WHAT TO DO ::
Below is a listing to transcribe in full and exactly; keep the pictures out.

DATA SECTION ::
____________________

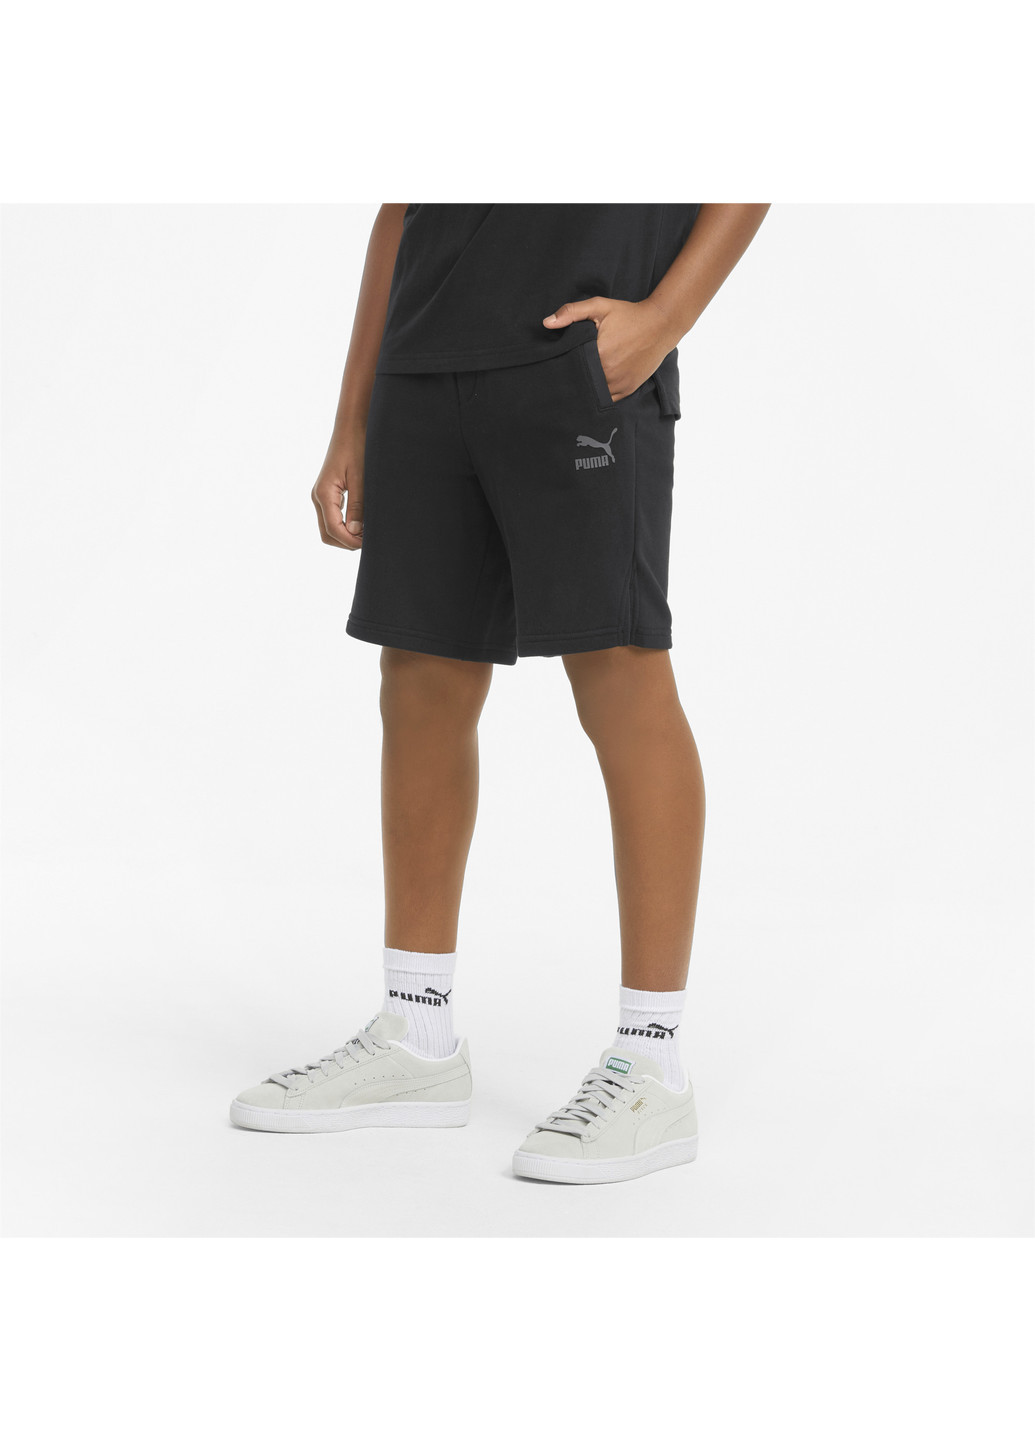 Детские шорты MATCHERS Youth Shorts Puma однотонные чёрные спортивные хлопок, нейлон, полиэстер
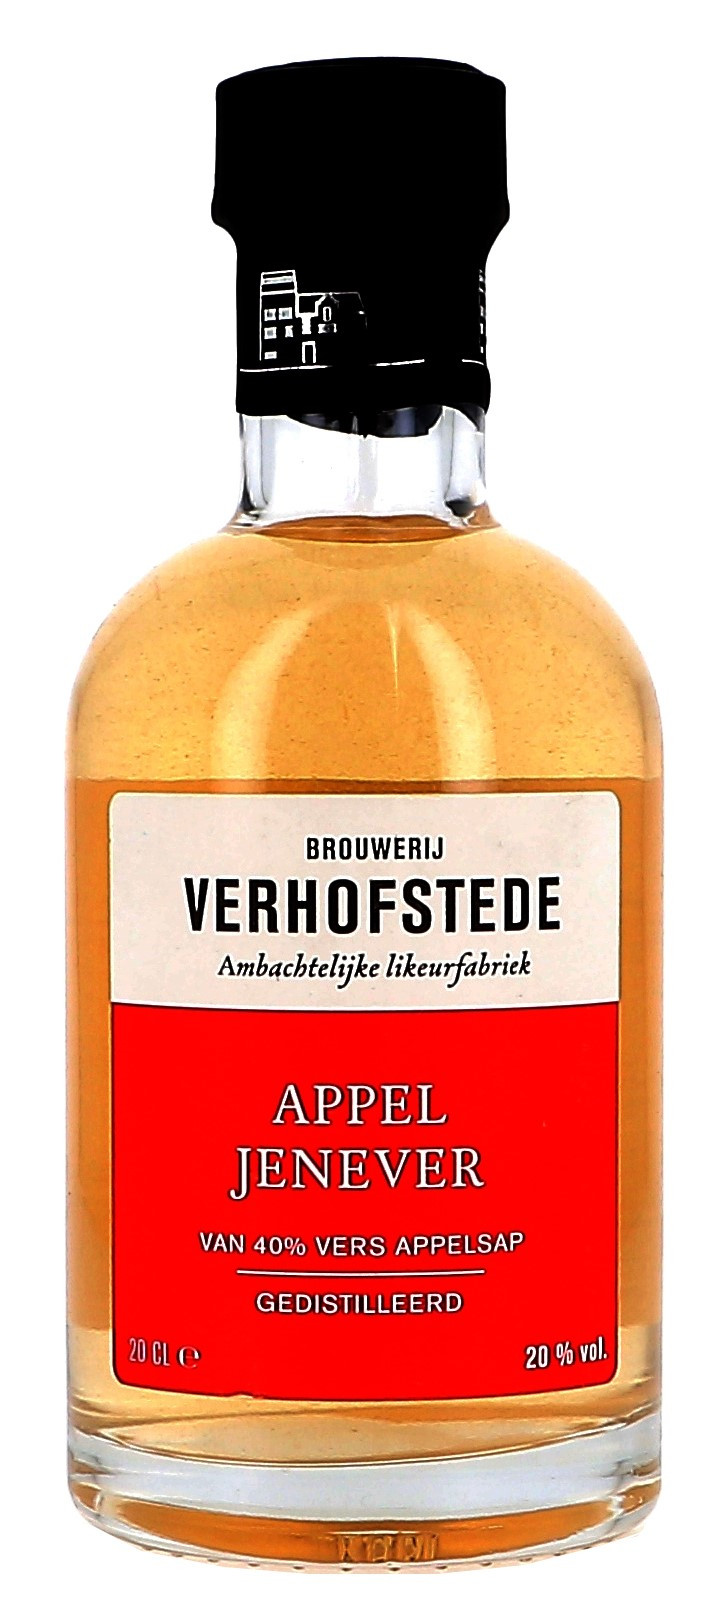 Appeljenever Brouwerij Verhofstede 70cl 20% (Jenever)
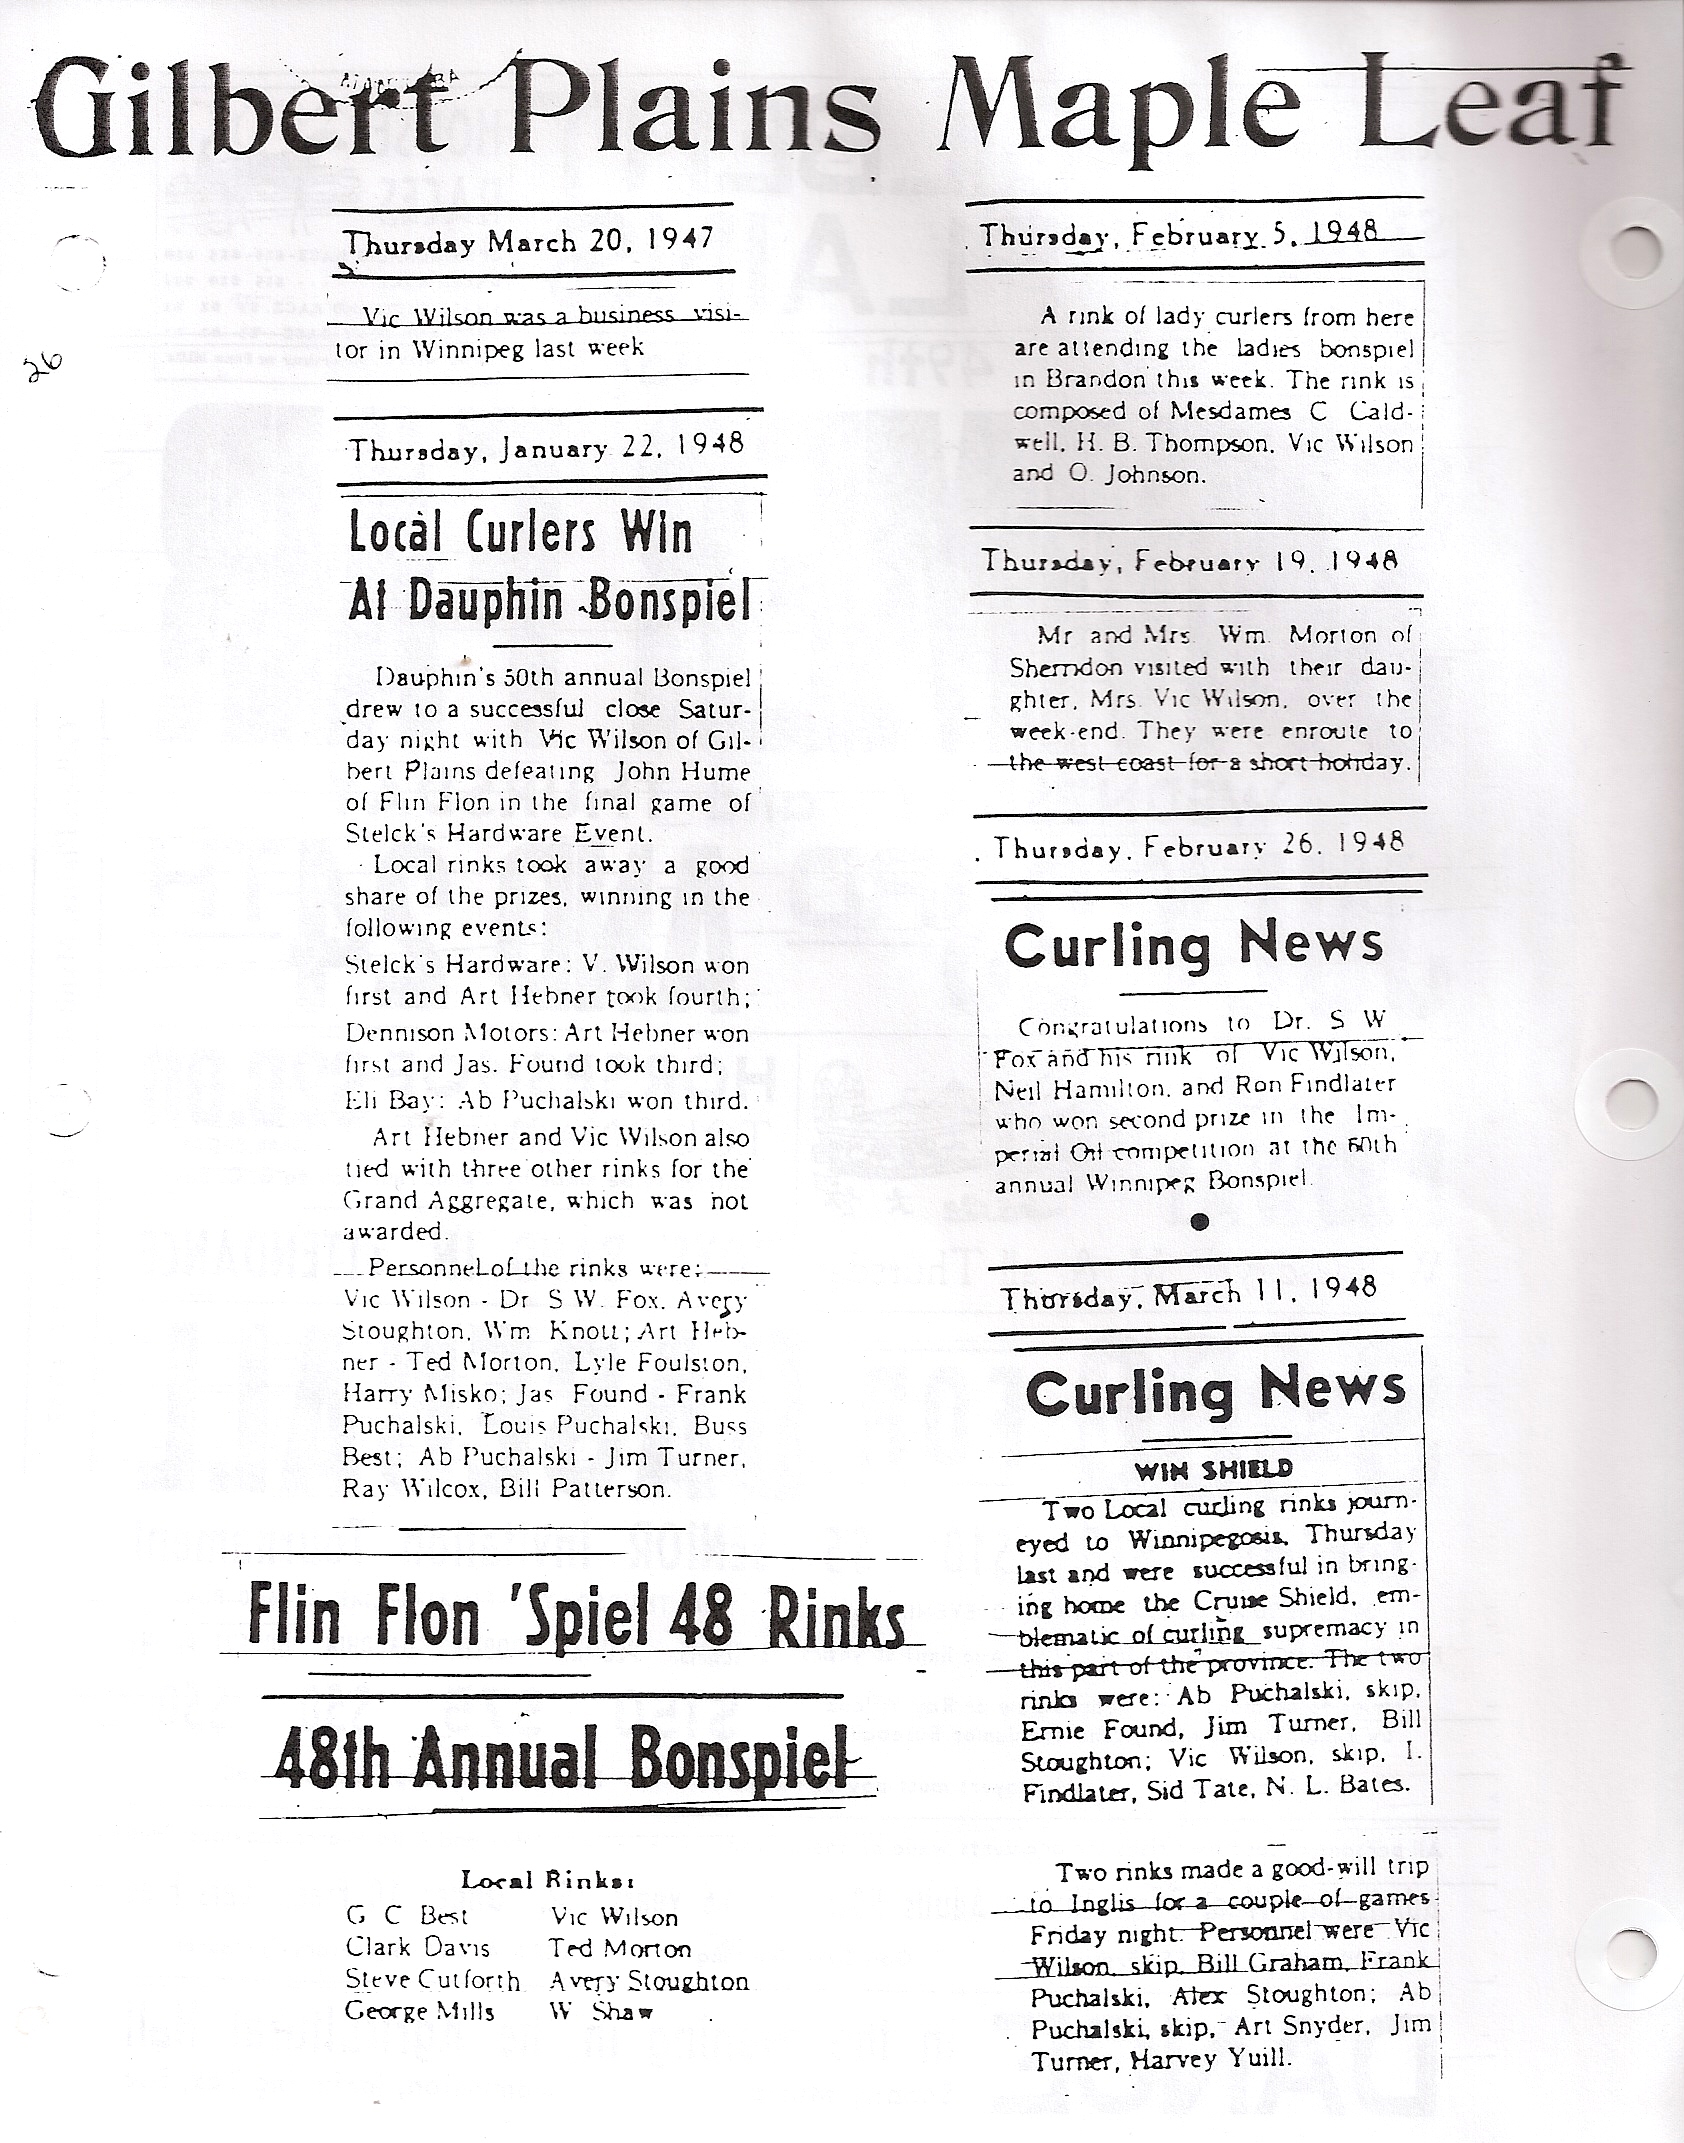 1-vics curling news 1947-48

____________________

RESPONSE TO THIS EXERCISE ::
 Детские шорты MATCHERS Youth Shorts Puma однотонные чёрные спортивные хлопок, нейлон, полиэстер
 Appeljenever Brouwerij Verhofstede 70cl 20% (Jenever)
 1-vics curling news 1947-48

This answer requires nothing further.